Adrienne leapt into the fray immediately. She didn’t tackle the big picture as I had feared but the details. The one that still sticks in my mind was the little note at each step in the  career path: Entry requirements. She challenged this and suggested we should rather have a label at the top of each block stating Exit requirements. This led to a quite a spirited debate between us.

The chairman, Ralph Oxenham, cut it short. He was concerned, as he told me later, that our argument would jeopardise the good will the presentation seemed to have achieved.

We broke for tea and during tea Adrienne and I engaged in a further discussion about the career path and the curriculum model I was proposing. She then went off to caucus with her comrades from the unions.

When the Board meeting proper started Adrienne told the board, that they had come there to demand that the board go through the establishment process all over again and this time involve the unions as  a legitimate partner. But because of the “interesting” ideas that had been tabled the unions were happy to allow the work of the Board to continue while they negotiated an equitable participation for the unions in the Board.

It was a seminal moment for the work we had done to date and for the Board.

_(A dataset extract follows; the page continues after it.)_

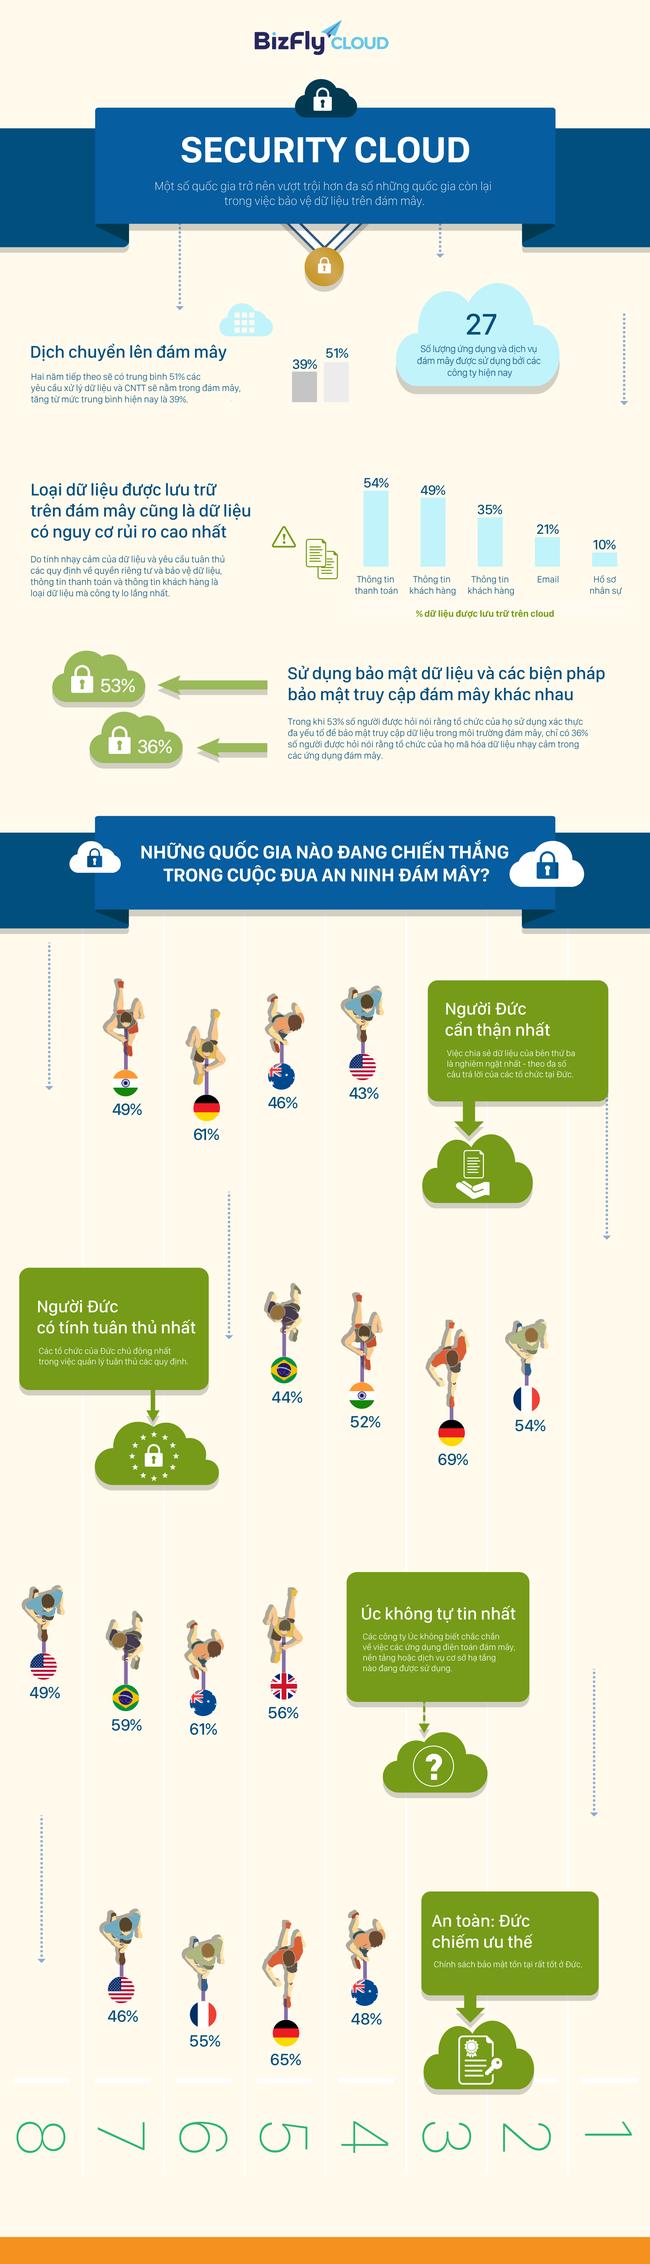 [Infographic] Bảo mật dữ liệu đám mây 2018 - Ảnh 1.

In a strange way it set the tone for all future discussions. Employer and union representatives could engage in a productive discussions even when the initial participants were replaced by new comers. This conversation continued until the Boards were merged into SETAs in early 2000.

For me, personally, it was also a seminal moment. Tectonic plates in my mind were poised to shift. \And this tiny little trigger from entry to exit set them in motion. It also set in motion a partnership and a friendship which endured until just before her death in 2019. Litle did I now it at the time but it also changed the trajectory of my career.